▸ **Information shown**

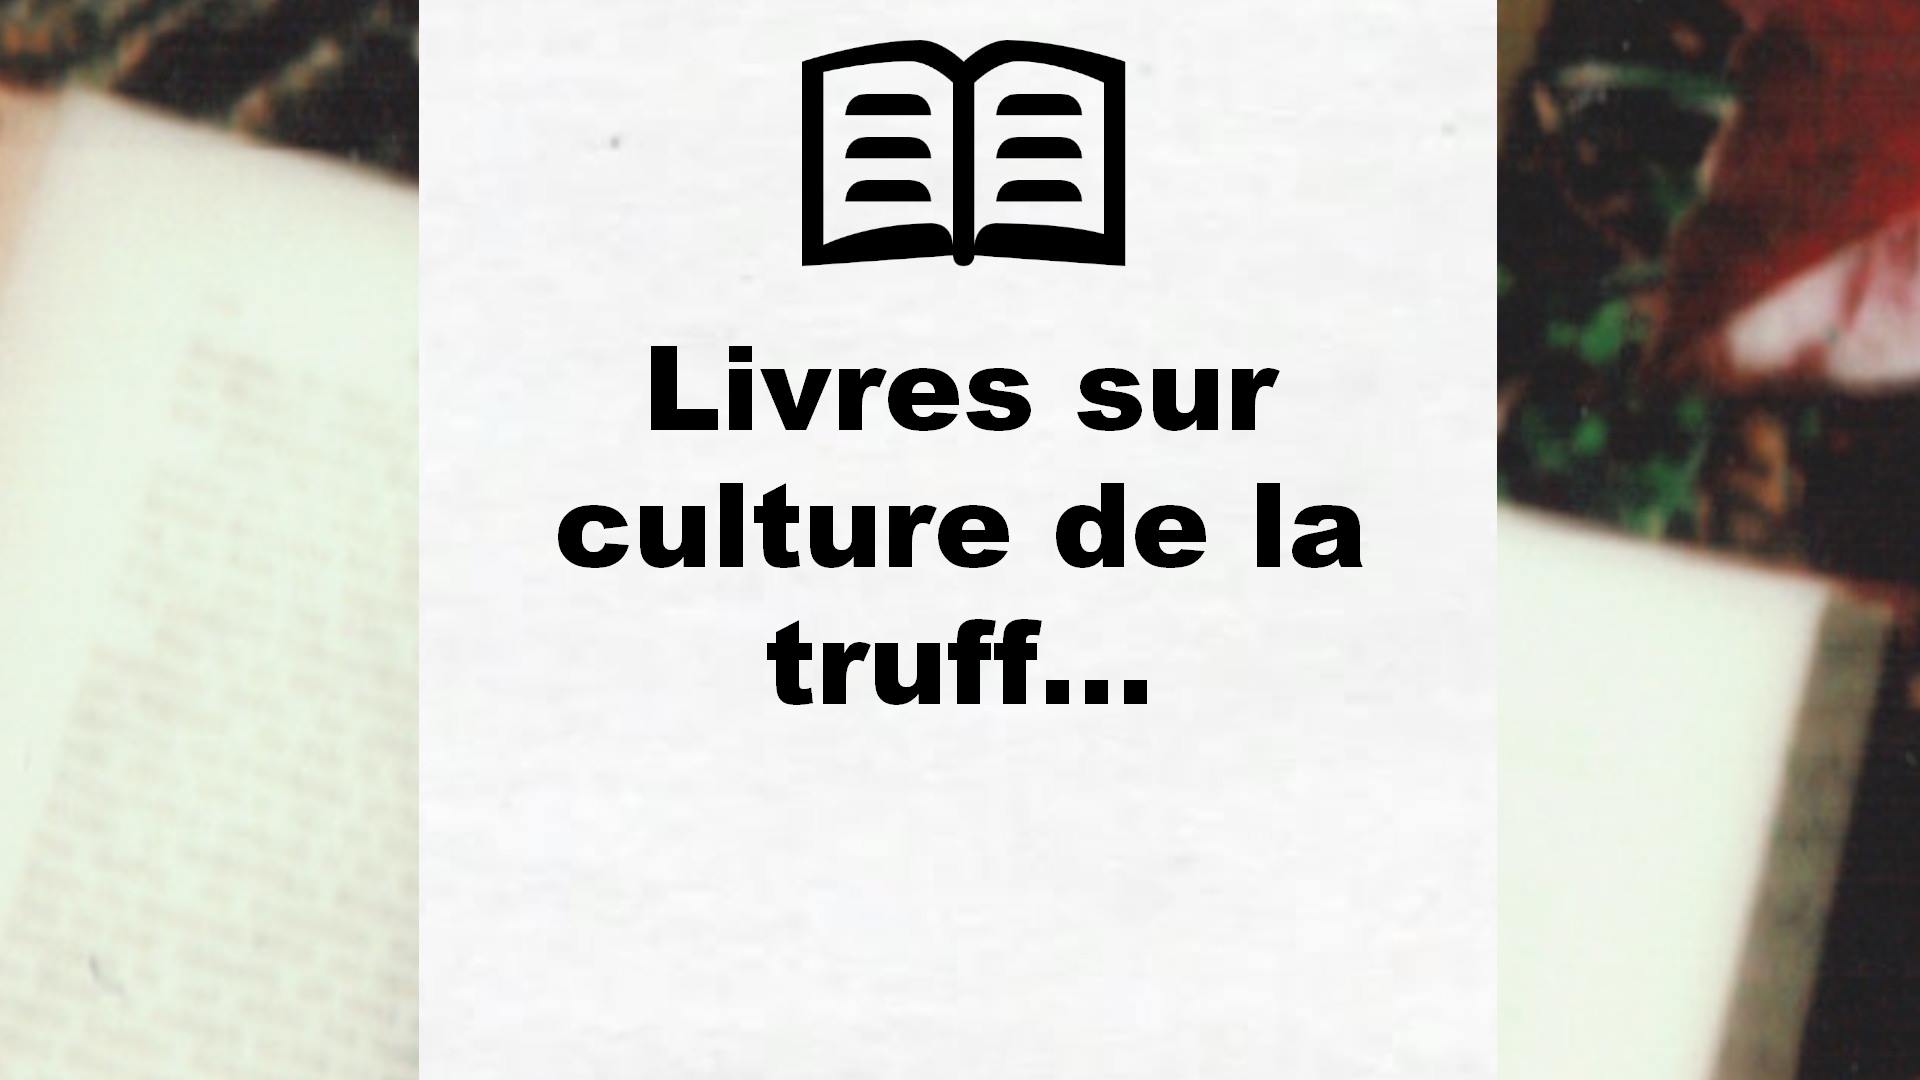 Livres sur culture de la truffe
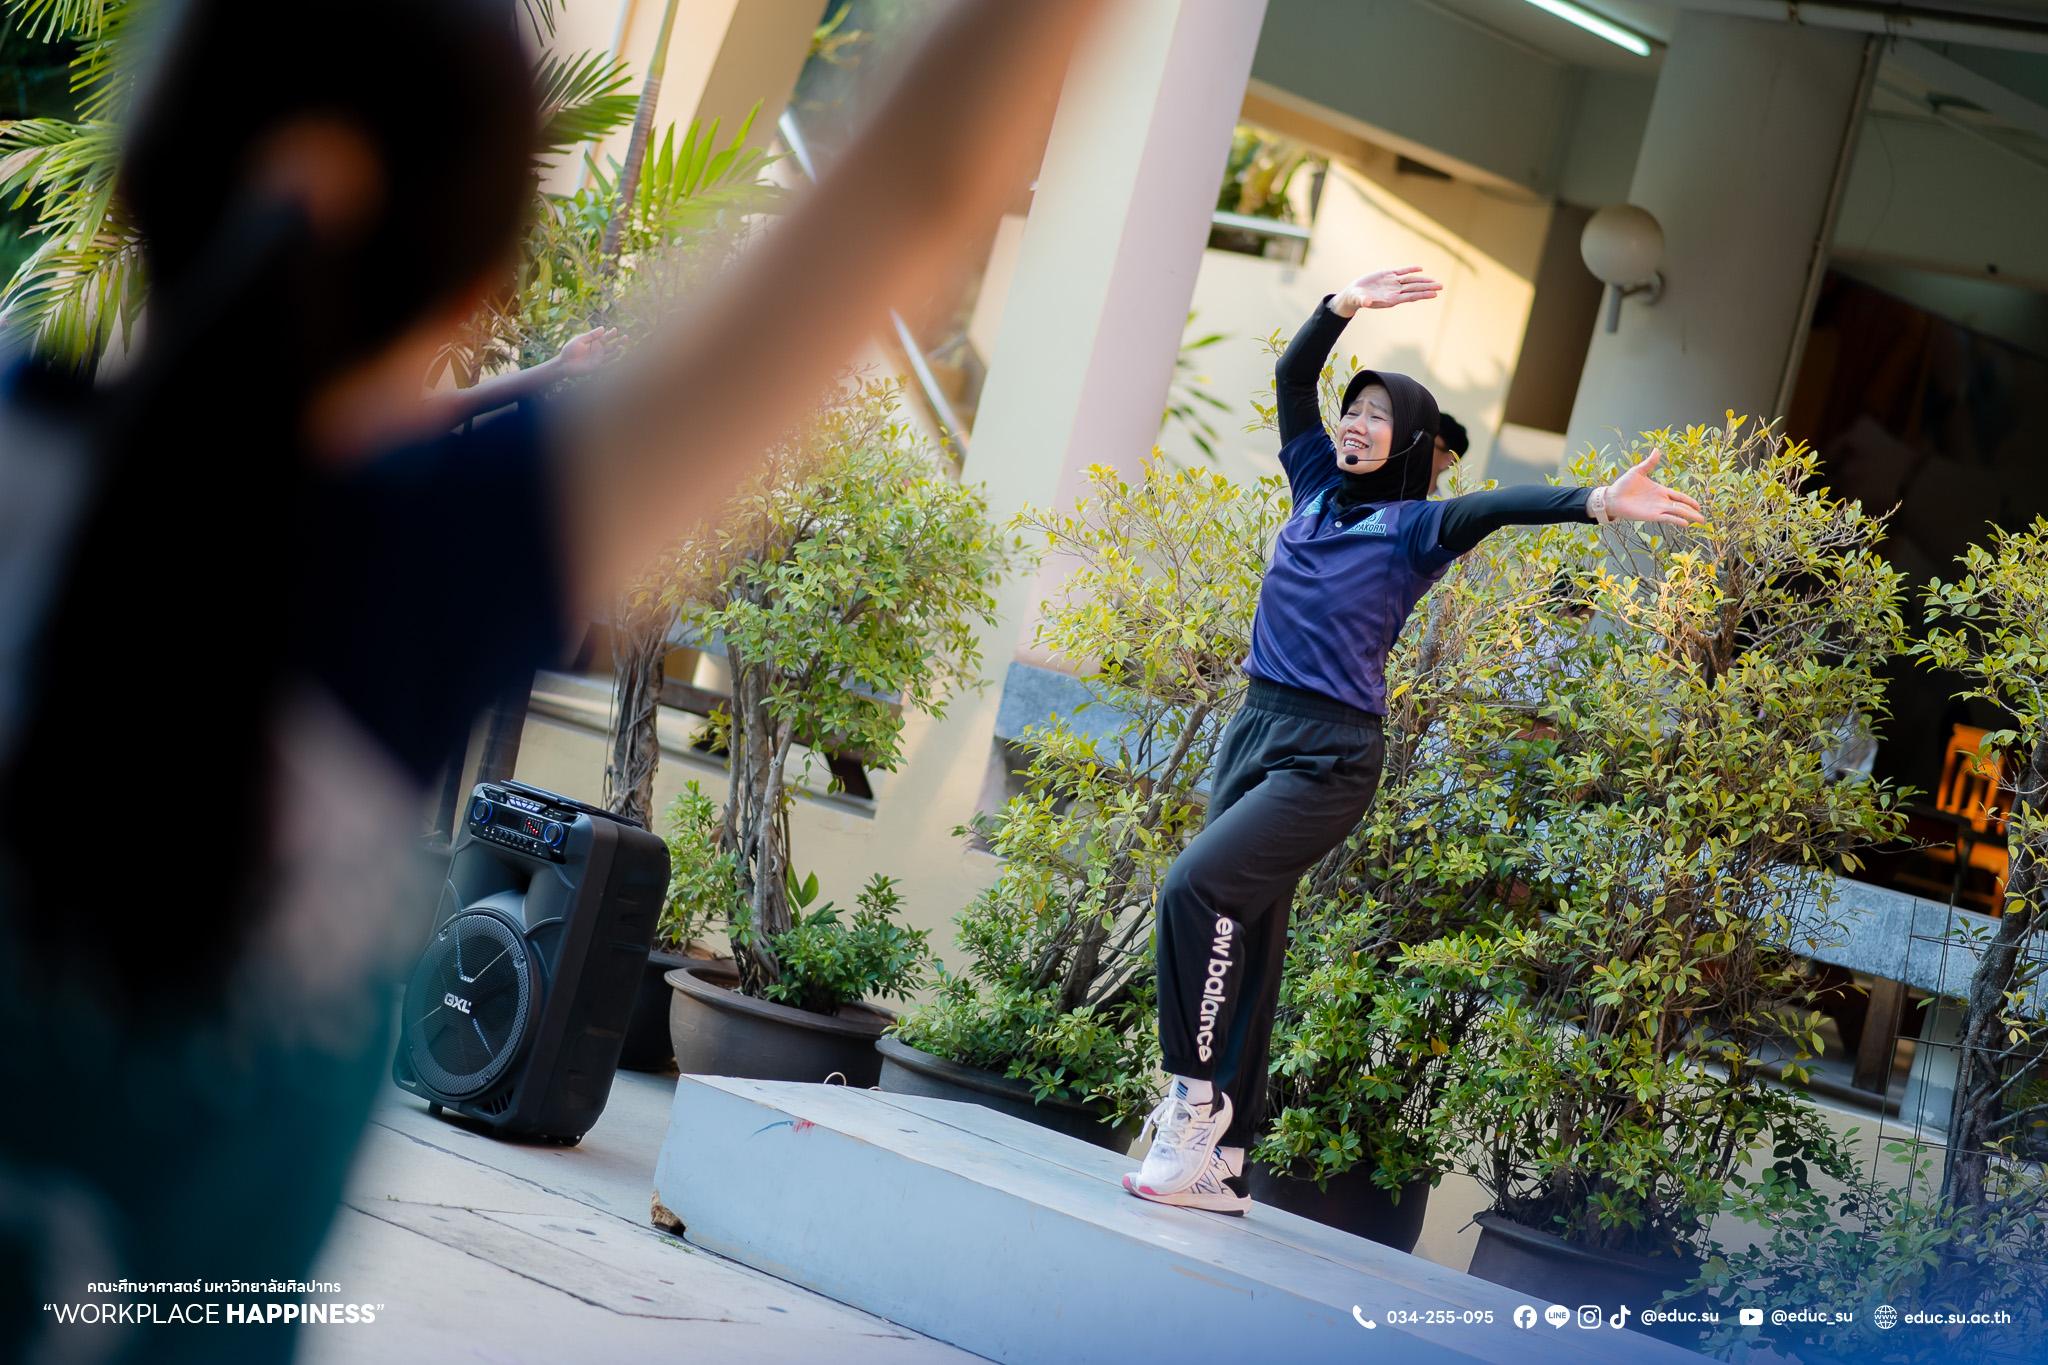 คณะศึกษาศาสตร์ มหาวิทยาลัยศิลปากร จัดโครงการAerobic Dance บุคลากรศึกษาศาสตร์ FIT&FIRM
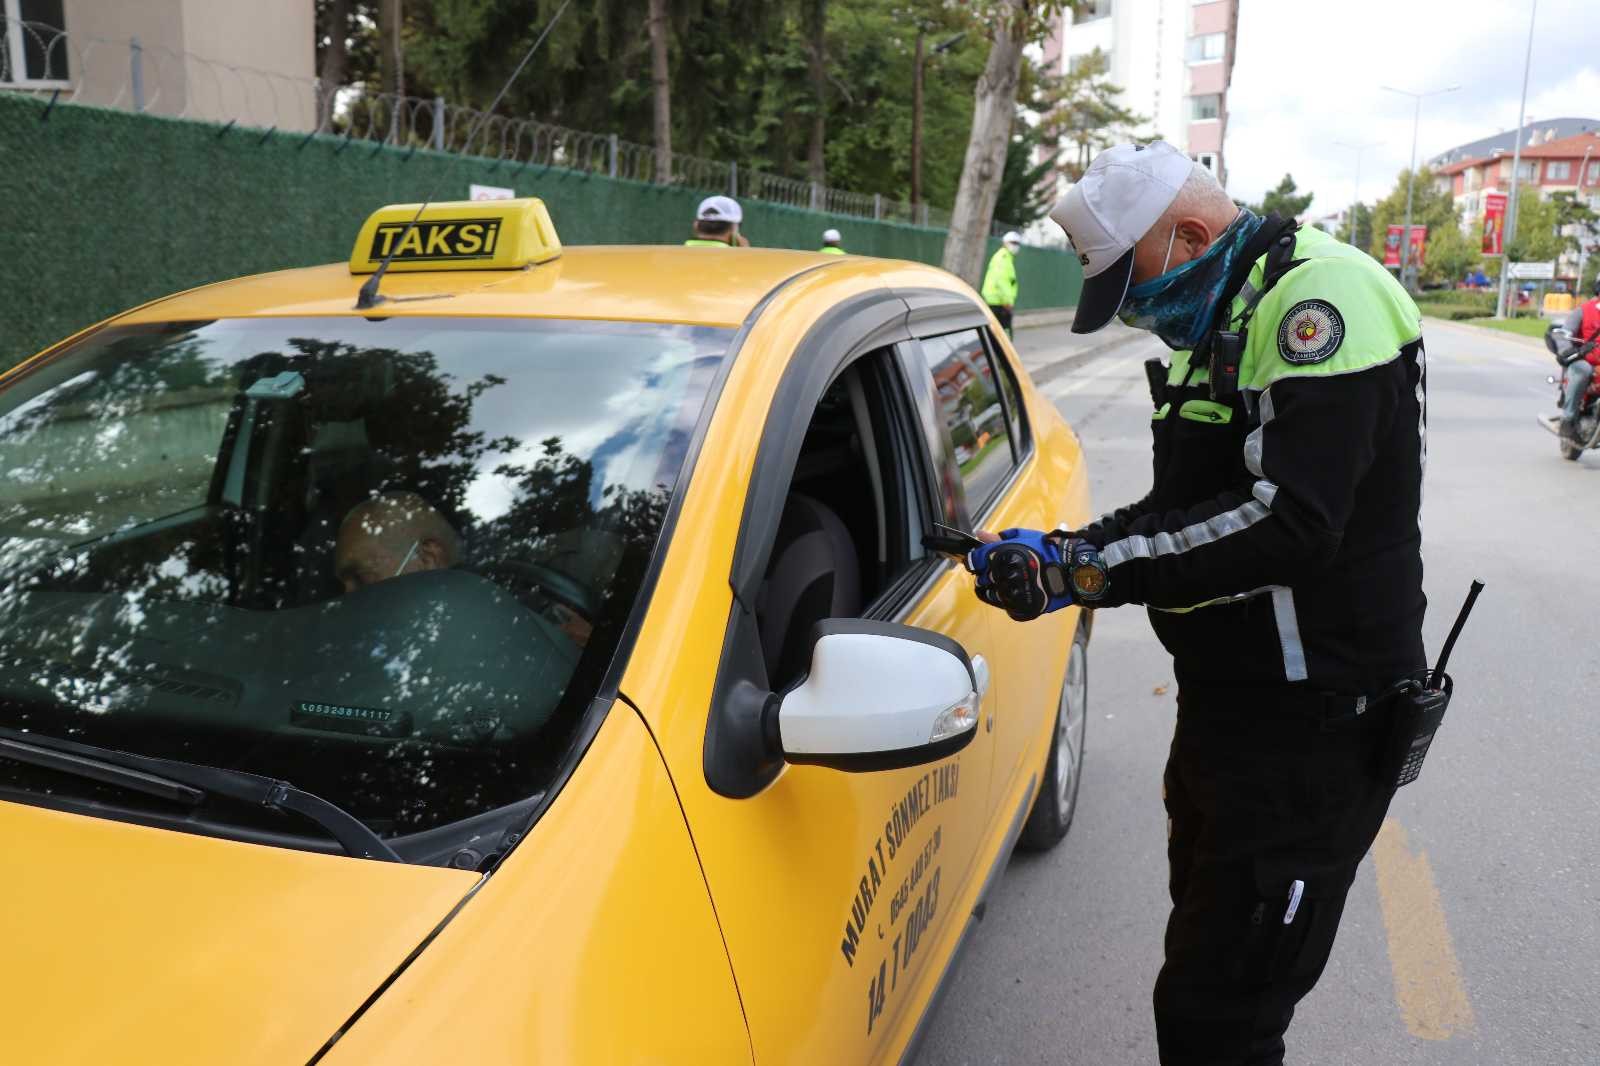 Taksimetre açmayan taksicilere para cezası #bolu

▸ **Task to complete**
Every line above should be transcribed exactly, though no image should be carried over.

▸ **Your solution**
 Livres sur culture de la truffe
 คณะศึกษาศาสตร์ มหาวิทยาลัยศิลปากร จัดโครงการAerobic Dance บุคลากรศึกษาศาสตร์ FIT&FIRM
 Taksimetre açmayan taksicilere para cezası #bolu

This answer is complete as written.